Phase 06 · Hours 38–46

Figma MCP + Claude Code

Claude Code connected to the Figma file via the MCP server integration. Rather than describing components from a screenshot, Claude fetched the actual node metadata: component properties, spacing values, layout constraints, and typography settings. Each React component was implemented directly from the live spec.

The visual output matched the Figma design without manual translation. Spacing came from the component, not from estimation. Colours came from the tokens, not from eyeballing. This was the phase that made the "design-to-code gap" feel like a solved problem rather than a friction point.

Phase 07 · Hours 46–50

Build sprint and production deploy

The final sprint used Cursor and Vite's hot module replacement to keep the iteration loop tight. A change in code appeared in the browser within two seconds. Edge cases, loading states, and error handling were worked through in real time rather than in a separate QA pass. The Vercel deployment took under two minutes. The app went live with three working API integrations, mobile-responsive layouts, and a production URL. Fifty hours in, Roam was a real thing that worked.

Context

Three surfaces, one coherent journey

Roam's interface was built around a three-act structure: tell us about your trip, let the AI plan it, then explore and refine the result. Each surface had to feel like a natural step in the same tool, not three separate product decisions stitched together.

1. The trip brief

Rather than a blank search bar, Roam opens with a structured brief: destination, dates, travellers, budget tier, transport preferences, and activity interests. A deliberate departure from conversational-first design: most people don't want to type an essay to start a trip.
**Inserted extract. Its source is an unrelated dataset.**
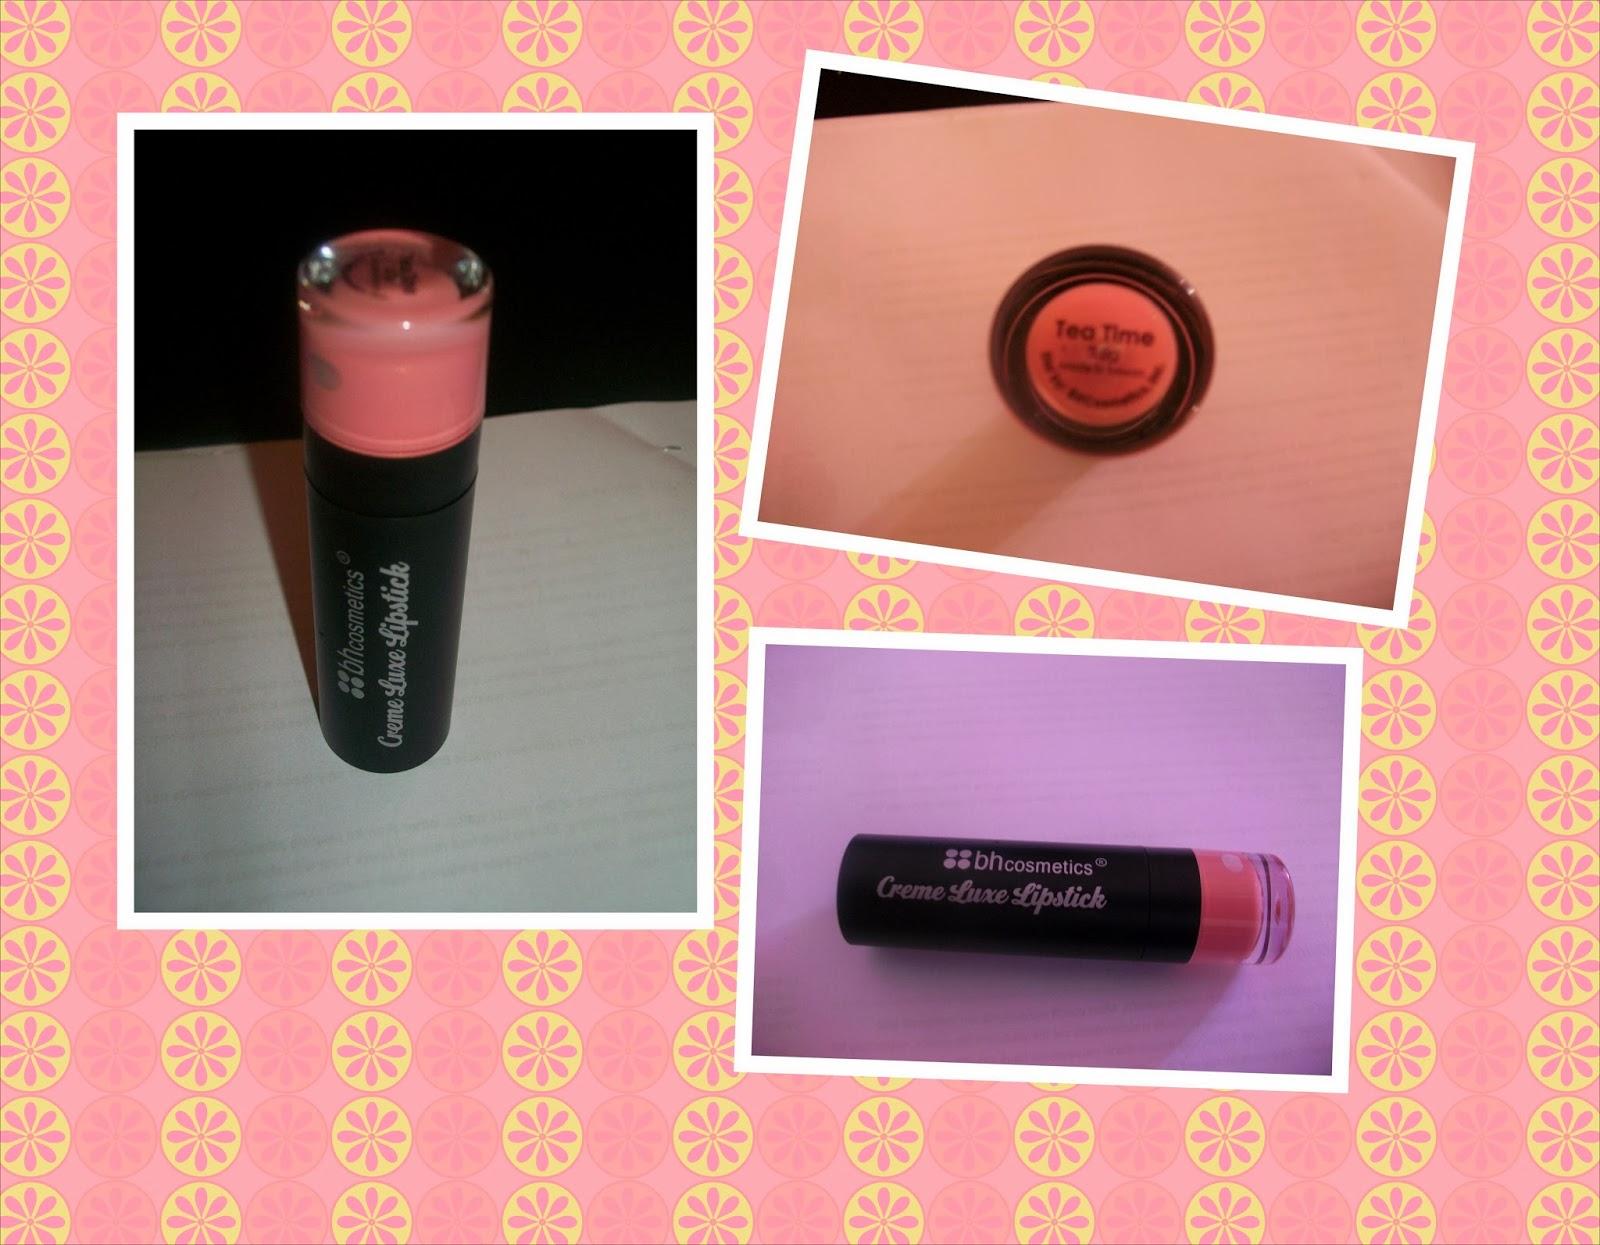 Bh cosmetics creme luxe lipstick bundle   Lipstick bundles

The brief also doubles as the AI's context window. By the time the user submits, the model has everything it needs to generate a specific itinerary without a round of vague follow-up questions. The form is doing work that would otherwise fall to the AI.

2. Itinerary reveal

Once the brief is submitted, Roam processes the inputs and generates a full day-by-day itinerary. The reveal screen confirms that planning is complete and transitions into the result view, where the traveller can explore the output.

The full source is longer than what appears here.